Saved data entries:
▬▬▬

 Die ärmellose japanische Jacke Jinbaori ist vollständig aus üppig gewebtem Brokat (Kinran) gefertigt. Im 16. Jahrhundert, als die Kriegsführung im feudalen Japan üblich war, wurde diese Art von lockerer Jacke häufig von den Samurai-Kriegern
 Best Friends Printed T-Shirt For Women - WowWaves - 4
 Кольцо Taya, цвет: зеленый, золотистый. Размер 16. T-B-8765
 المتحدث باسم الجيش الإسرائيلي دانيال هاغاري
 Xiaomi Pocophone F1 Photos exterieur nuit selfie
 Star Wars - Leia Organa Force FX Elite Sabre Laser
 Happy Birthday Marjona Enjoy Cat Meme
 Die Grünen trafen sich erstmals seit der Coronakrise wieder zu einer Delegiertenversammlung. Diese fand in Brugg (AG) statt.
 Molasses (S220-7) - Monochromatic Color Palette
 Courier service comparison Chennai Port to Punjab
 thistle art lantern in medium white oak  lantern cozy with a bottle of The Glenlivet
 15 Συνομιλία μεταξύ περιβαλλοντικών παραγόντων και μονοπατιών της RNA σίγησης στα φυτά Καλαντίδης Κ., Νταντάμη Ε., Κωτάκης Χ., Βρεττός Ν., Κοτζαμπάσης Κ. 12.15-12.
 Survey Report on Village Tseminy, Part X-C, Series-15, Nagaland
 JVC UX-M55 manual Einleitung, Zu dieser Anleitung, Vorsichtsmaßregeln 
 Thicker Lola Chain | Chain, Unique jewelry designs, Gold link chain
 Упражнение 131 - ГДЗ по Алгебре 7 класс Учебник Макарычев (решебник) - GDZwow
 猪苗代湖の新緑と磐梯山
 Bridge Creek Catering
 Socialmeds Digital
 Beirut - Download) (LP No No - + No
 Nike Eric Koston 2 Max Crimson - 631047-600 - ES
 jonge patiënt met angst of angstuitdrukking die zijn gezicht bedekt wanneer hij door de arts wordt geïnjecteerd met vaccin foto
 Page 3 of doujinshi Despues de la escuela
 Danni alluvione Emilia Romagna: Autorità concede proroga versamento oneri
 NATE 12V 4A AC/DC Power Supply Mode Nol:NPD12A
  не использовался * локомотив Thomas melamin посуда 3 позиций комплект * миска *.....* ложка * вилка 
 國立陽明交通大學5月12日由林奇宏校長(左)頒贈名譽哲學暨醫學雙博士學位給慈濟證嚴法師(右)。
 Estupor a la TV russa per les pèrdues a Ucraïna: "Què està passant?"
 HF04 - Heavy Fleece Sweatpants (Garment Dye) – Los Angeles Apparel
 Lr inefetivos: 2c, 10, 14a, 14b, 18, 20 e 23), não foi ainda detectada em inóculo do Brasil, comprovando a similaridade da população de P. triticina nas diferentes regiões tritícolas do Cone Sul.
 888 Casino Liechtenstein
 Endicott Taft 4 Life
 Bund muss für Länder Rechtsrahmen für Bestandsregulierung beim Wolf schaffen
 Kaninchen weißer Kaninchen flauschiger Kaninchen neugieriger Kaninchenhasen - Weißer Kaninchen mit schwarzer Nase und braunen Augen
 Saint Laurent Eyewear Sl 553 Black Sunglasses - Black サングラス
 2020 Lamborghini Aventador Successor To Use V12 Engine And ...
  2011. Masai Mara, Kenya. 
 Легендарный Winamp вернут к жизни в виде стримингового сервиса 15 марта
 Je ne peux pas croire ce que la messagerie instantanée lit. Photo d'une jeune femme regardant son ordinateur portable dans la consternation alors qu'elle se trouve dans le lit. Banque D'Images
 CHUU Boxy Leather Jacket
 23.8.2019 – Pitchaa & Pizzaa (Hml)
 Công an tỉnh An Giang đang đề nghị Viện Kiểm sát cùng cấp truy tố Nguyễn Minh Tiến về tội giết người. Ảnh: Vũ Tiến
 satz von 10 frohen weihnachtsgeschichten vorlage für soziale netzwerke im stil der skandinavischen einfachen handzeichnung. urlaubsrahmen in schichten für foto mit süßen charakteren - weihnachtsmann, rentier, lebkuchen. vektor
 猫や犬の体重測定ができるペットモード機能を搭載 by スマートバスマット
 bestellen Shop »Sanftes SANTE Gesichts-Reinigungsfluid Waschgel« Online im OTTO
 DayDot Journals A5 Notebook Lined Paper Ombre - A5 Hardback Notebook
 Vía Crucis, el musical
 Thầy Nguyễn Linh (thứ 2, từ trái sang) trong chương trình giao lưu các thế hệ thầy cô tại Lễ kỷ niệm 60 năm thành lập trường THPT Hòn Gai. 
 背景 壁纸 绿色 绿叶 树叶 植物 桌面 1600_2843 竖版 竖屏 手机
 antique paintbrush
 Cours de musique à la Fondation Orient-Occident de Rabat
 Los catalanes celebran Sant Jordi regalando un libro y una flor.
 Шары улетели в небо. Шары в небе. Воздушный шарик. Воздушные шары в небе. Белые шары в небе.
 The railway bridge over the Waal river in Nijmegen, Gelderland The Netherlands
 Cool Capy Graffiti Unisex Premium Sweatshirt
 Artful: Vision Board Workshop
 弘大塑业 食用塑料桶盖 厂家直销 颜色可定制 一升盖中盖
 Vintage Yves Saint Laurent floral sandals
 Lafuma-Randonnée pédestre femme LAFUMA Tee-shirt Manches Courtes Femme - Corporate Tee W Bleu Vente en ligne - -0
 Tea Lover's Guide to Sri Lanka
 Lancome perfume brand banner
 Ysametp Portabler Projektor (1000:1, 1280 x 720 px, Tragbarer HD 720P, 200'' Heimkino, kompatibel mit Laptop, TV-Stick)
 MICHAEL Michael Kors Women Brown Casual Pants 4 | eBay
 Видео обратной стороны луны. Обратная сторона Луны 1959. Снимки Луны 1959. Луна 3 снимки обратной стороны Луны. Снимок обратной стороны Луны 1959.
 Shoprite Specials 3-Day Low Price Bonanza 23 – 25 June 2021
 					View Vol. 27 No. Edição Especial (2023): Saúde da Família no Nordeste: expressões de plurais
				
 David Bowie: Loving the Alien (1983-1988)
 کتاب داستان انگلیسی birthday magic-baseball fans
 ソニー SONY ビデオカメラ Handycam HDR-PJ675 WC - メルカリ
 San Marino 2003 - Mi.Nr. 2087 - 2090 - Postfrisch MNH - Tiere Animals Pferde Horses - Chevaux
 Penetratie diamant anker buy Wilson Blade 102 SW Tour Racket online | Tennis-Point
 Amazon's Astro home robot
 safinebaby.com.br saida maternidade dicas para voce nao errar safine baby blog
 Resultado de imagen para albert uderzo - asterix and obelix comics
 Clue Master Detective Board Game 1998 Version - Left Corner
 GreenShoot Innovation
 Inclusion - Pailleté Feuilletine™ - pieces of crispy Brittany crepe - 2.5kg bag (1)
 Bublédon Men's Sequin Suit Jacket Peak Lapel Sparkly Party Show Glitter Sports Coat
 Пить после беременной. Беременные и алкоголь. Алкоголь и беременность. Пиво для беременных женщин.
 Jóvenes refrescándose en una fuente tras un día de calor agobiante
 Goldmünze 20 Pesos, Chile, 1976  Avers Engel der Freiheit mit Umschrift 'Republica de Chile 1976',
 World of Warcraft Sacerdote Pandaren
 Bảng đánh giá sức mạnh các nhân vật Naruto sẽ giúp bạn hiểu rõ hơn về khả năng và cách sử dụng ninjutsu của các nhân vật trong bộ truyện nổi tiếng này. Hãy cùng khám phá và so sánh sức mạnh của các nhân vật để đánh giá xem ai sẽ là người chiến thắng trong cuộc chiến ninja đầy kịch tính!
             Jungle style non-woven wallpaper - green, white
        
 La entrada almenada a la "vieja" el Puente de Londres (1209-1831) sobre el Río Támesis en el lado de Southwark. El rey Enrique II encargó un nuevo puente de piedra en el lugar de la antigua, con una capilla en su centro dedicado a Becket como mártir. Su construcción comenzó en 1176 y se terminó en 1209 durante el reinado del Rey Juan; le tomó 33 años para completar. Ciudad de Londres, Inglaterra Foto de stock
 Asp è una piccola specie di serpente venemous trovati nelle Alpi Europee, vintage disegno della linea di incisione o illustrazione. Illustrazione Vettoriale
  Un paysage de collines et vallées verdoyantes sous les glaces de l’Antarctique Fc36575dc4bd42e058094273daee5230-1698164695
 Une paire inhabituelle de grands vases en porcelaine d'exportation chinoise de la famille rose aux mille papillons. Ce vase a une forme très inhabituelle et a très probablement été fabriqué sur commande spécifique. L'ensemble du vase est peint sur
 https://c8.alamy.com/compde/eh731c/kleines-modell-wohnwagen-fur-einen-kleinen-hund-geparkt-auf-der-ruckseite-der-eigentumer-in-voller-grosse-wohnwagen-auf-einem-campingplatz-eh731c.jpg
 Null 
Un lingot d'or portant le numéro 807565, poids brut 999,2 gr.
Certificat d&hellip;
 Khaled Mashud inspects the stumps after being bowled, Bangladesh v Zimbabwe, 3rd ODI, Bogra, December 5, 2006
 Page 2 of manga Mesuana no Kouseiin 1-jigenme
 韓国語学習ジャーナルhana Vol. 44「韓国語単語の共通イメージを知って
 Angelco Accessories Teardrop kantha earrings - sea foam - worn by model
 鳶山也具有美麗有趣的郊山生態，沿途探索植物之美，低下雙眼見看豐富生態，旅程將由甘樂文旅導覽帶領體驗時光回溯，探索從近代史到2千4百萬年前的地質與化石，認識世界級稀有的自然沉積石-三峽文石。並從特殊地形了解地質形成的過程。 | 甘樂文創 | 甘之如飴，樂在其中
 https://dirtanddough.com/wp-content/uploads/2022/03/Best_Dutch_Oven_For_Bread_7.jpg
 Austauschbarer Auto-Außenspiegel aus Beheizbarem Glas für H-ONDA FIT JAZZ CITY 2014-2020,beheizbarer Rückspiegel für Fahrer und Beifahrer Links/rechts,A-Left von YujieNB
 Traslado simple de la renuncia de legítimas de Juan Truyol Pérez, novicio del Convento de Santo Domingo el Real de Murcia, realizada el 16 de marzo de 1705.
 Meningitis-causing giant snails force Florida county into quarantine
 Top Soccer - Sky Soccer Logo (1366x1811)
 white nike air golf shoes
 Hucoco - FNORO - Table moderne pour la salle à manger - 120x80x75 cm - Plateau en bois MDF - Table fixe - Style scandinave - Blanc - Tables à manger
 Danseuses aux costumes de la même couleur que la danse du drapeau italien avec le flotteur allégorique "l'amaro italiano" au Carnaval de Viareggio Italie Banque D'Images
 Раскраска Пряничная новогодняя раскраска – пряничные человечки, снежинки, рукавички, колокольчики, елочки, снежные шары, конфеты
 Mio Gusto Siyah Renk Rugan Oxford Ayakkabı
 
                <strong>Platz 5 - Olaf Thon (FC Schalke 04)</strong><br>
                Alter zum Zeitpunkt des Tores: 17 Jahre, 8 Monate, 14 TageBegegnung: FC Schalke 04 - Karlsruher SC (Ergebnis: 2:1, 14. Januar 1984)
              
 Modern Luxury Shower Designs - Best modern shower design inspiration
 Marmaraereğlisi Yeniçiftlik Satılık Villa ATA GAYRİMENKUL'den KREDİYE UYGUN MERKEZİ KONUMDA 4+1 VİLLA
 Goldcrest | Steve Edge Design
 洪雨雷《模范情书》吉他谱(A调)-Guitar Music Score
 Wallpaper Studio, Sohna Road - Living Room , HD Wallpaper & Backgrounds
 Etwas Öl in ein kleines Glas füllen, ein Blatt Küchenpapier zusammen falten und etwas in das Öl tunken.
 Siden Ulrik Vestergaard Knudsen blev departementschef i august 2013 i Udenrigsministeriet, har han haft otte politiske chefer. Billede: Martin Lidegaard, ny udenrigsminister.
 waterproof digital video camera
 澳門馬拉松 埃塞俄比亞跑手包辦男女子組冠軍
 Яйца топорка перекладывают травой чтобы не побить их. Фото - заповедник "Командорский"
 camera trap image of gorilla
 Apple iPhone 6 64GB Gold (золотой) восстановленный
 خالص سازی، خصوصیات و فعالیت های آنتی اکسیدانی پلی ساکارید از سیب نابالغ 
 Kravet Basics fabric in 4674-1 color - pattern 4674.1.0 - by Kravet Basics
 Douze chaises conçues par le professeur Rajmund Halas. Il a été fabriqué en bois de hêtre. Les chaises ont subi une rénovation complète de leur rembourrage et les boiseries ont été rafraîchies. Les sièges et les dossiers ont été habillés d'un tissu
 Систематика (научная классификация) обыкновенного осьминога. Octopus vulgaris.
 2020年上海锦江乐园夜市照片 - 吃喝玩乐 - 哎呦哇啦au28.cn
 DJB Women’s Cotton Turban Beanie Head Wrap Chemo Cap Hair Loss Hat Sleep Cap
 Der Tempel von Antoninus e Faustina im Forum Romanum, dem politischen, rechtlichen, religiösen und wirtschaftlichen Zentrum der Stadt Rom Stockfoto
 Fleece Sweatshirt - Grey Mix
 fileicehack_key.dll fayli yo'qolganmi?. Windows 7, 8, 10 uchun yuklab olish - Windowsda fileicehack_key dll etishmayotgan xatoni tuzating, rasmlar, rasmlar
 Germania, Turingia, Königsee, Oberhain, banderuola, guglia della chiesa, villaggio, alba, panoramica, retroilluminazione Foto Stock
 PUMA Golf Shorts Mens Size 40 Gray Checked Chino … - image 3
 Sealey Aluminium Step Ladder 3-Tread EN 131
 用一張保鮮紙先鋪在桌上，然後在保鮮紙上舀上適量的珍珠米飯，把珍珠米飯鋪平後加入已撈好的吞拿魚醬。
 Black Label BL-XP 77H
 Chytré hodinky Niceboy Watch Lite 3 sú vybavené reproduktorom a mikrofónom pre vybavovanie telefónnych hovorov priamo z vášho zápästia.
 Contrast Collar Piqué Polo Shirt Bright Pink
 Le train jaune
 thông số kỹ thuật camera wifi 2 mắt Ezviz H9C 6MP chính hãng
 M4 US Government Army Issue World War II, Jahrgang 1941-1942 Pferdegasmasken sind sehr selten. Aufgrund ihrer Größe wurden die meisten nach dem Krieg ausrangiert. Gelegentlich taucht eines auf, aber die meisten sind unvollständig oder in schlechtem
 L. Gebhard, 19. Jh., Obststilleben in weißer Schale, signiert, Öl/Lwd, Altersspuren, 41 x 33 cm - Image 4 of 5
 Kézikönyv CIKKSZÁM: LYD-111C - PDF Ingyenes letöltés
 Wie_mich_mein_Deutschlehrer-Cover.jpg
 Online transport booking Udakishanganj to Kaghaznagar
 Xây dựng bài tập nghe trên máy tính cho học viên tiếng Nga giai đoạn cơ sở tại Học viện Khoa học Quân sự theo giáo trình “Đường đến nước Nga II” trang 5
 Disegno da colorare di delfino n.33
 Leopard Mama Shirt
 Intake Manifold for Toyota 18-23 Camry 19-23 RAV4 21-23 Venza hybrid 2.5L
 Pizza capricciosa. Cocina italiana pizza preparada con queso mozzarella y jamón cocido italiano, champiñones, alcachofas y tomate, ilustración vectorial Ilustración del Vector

▬▬▬

> [YOUR OBJECTIVE]
For the lines above, output exactly those from the line containing "Contrast Collar Piqué Polo Shirt Bright Pink" through the line containing "thông số kỹ", and skip the others.

> [OUTPUT OF THE TASK]
 Contrast Collar Piqué Polo Shirt Bright Pink
 Le train jaune
 thông số kỹ thuật camera wifi 2 mắt Ezviz H9C 6MP chính hãng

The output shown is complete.